Wonderstruck is nothing short of brilliant! I thoroughly enjoyed Hugo Cabret (also by Selznick) but Wonderstruck is even better. The story is told in dual narratives–one in words set in 1977 and one in pictures set in New York City in 1927.
Rose is a young deaf girl in 1927 New York City, locked in the prison of both her deafness and her family’s inability to understand it and nurture the rest of her body and soul. Her father is distant and her mother has abandoned the family for a career and a new love. Rose strikes out on her own, searching for some sort of freedom and sense of belonging.
Ben has just lost his mother to a car accident in Minnesota in 1977 and had to move in with his aunt and uncle. Having lost his mother, Ben wonders more frequently about his father. Ben finds a clue to both his father’s identity and his location as he wanders through the empty house in which he had lived with his mother. Deaf in one ear since birth, Ben calls the phone number he finds only to have a lightning strike travel through the phone line and result in total deafness. After recovering in the hospital Ben decides to pursue the clues he has found about his father and sets out on his own journey.
The stories of the two children, abandoned and following their own journeys of hope and desperation merge eventually to finish the narrative as one.
For me, the fact that Ben has grown up on the Gunflint Trail in northern Minnesota is fun since I spent many summer weeks there growing up on family camping trips.

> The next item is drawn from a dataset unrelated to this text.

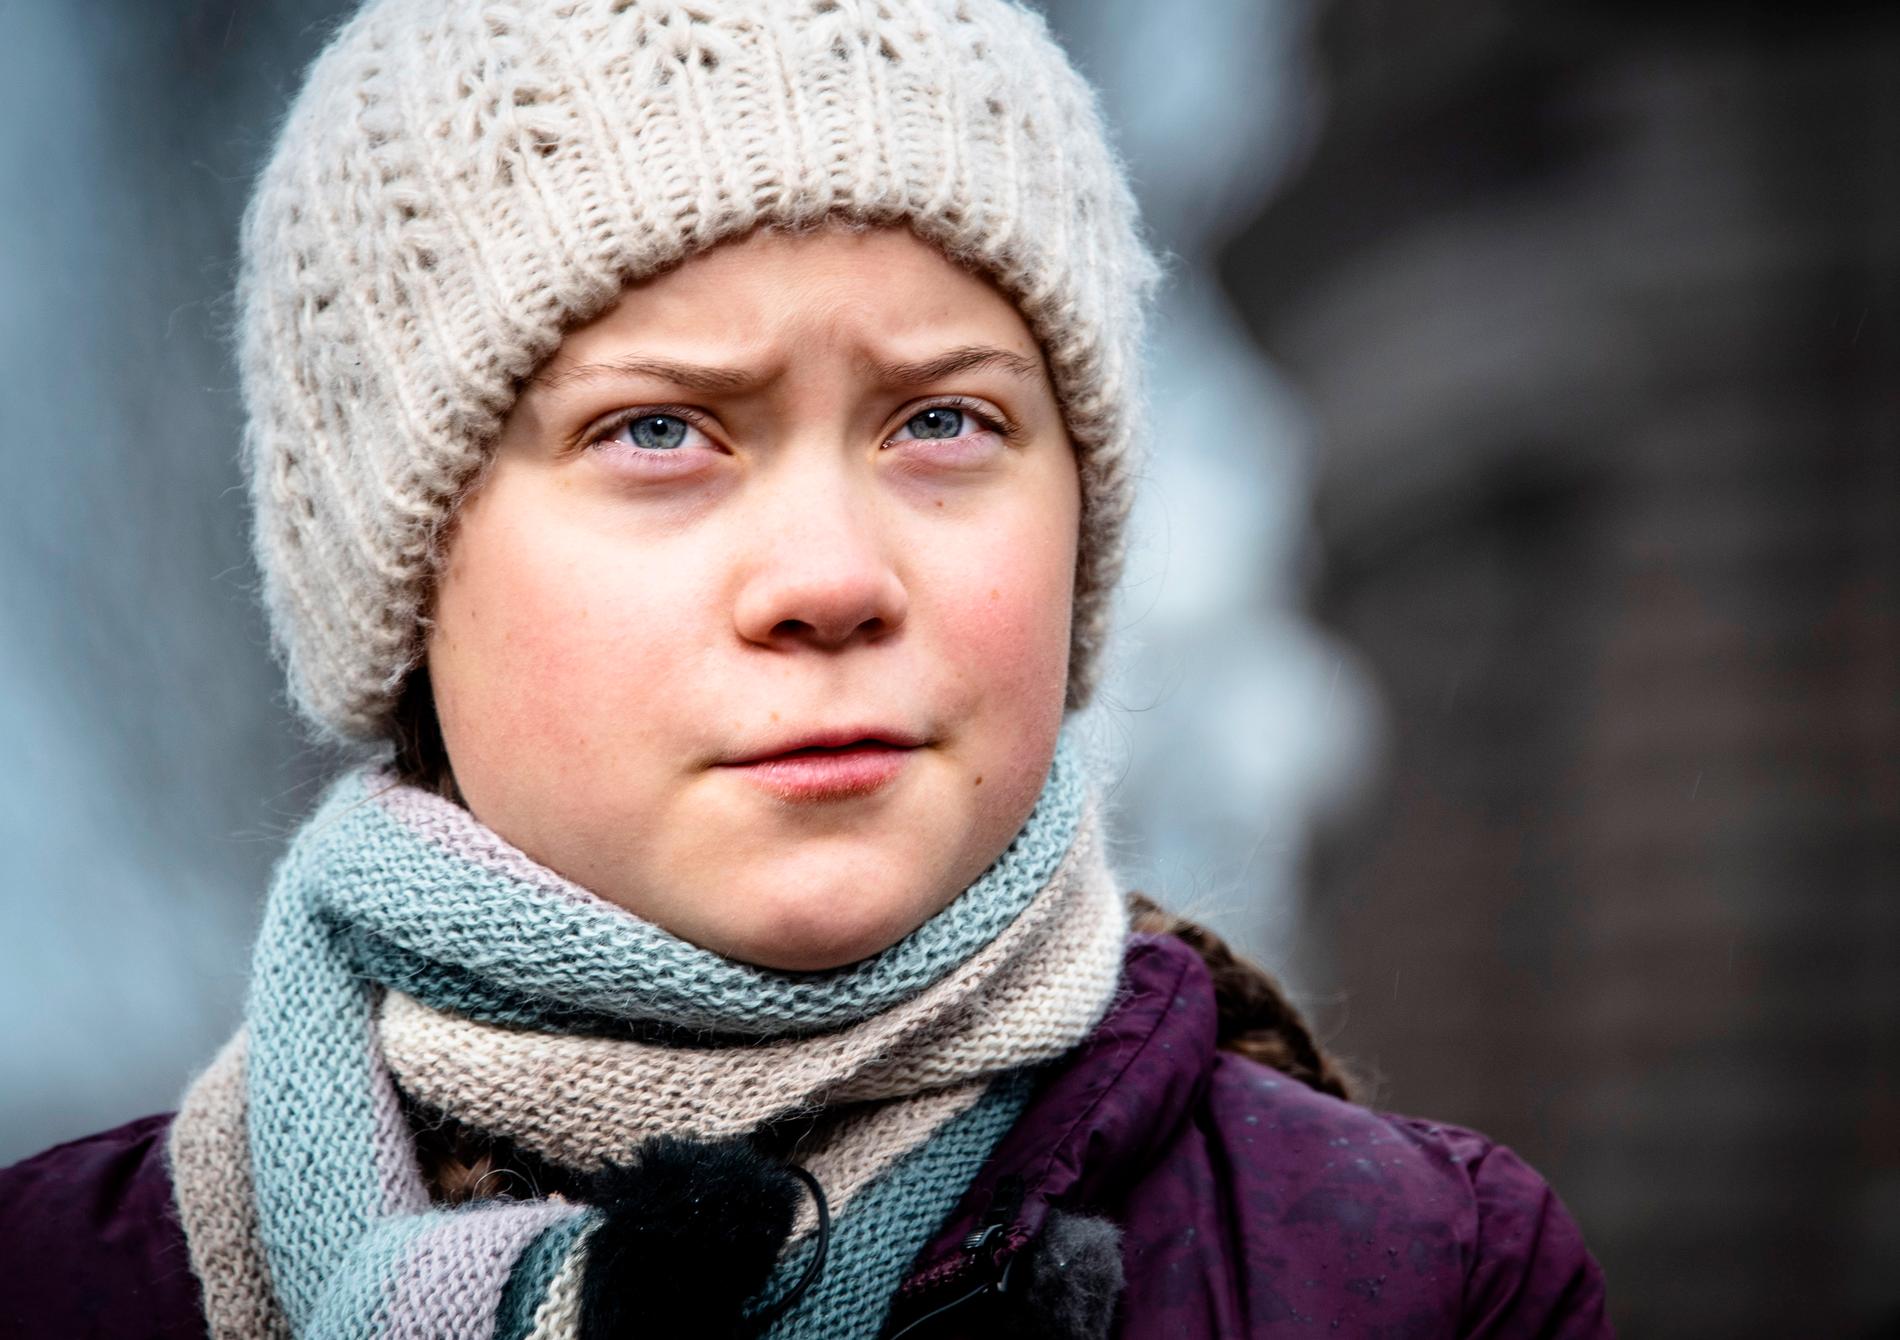 Hundratusentals skolungdomar över hela världen strejkade på fredagen för klimatet. Även i Stockholm där initiativtagaren Greta Thunberg deltog.
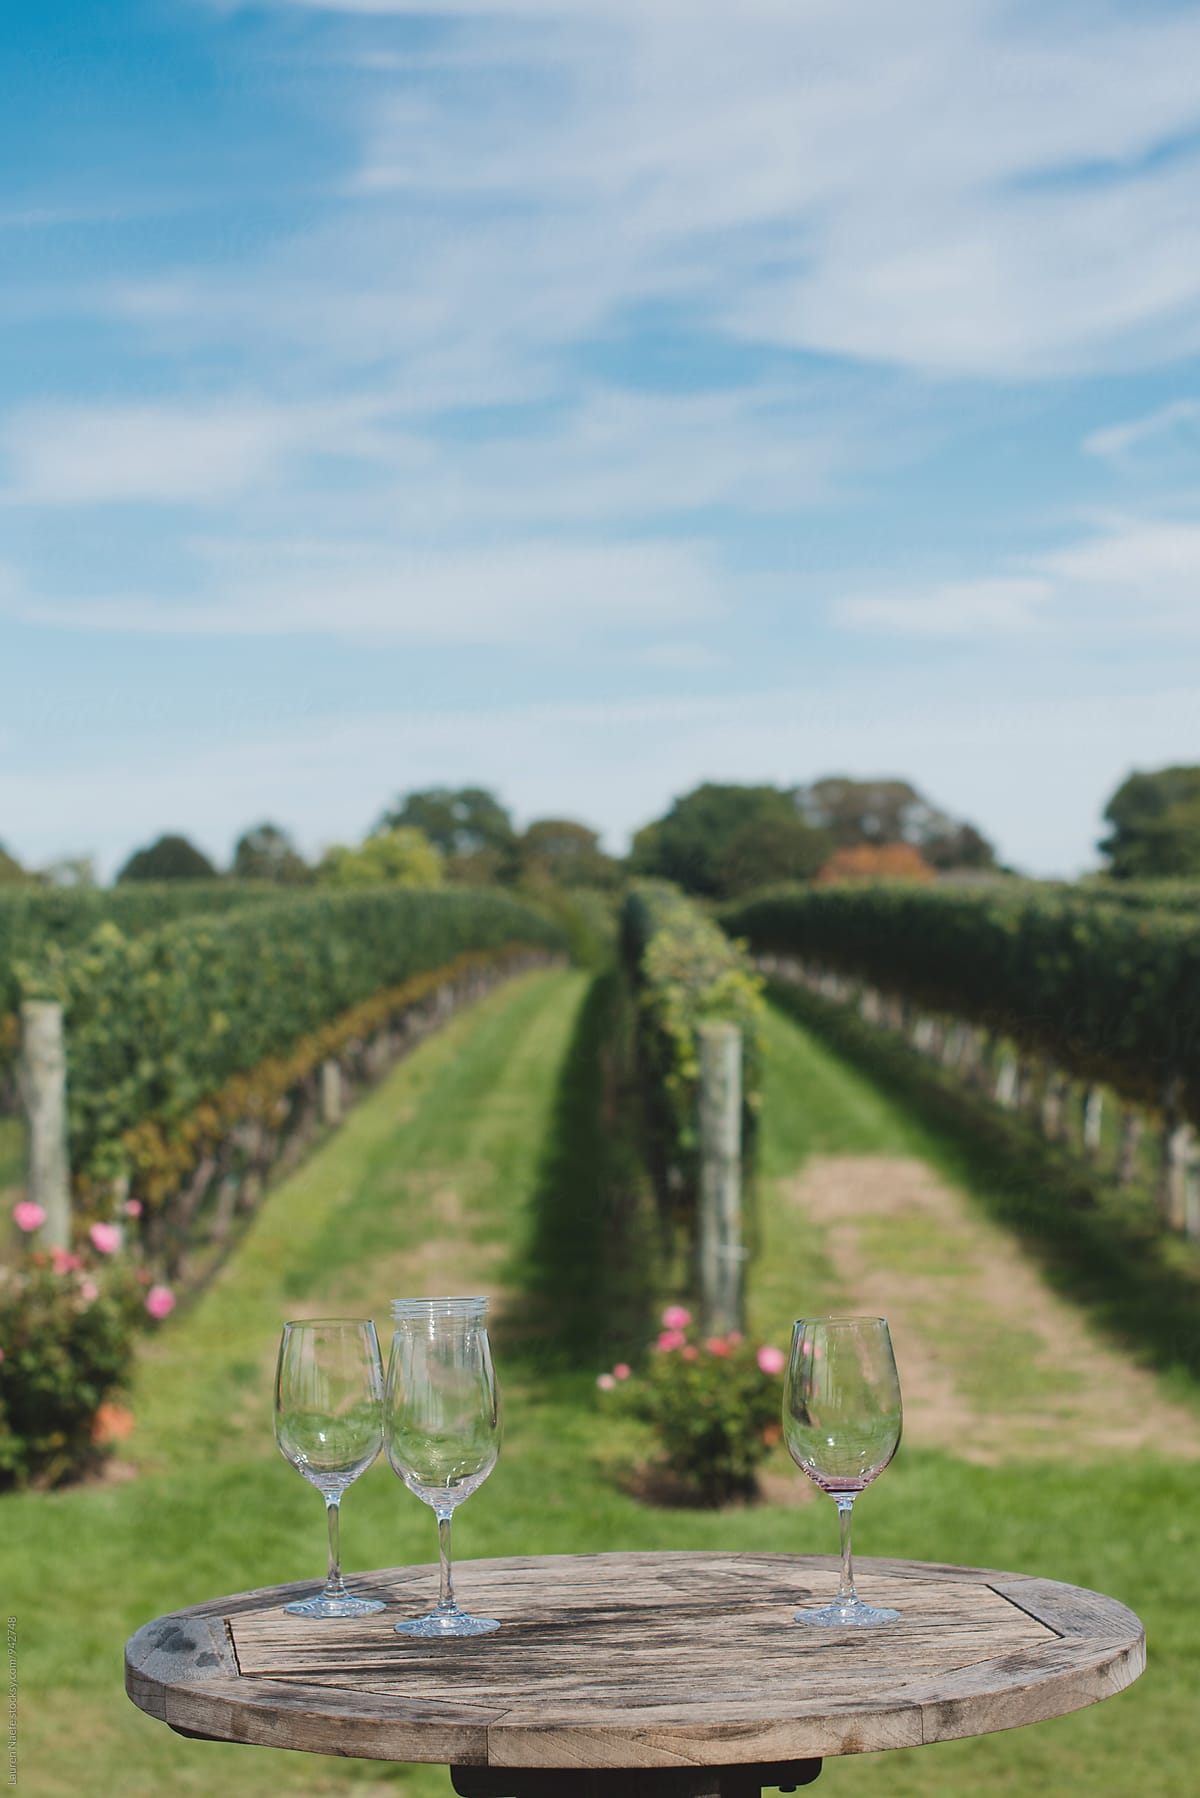 Wine glasses at vineyard

Except for the extraordinary wall of mosquitos, it’s one of my very favorite northern Minnesota locations and it gave me a little thrill to see Ben there. The research Selznick did on 1927 New York City, “cabinets of wonder” and Deaf Culture are evident in every detail of the story without hitting the reader over the head with his knowledge.
I recommend this book HIGHLY as both an independent and read-aloud suggestion. Although the picture narrative may seem troublesome in a read-aloud situation (and I have not yet tried it out in that forum) my daughter’s 2nd Grade teacher read both Hugo Cabret and Wonderstruck aloud to her classroom and captivated the students. My daughter has already re-read Hugo Cabret four times on her own because she loved it so much.
The waiting list for Wonderstruck at the library is loooong. I was number 44 when I got on the list. It was worth every second of the wait! Read Wonderstruck!!!! You will be grateful for the experience.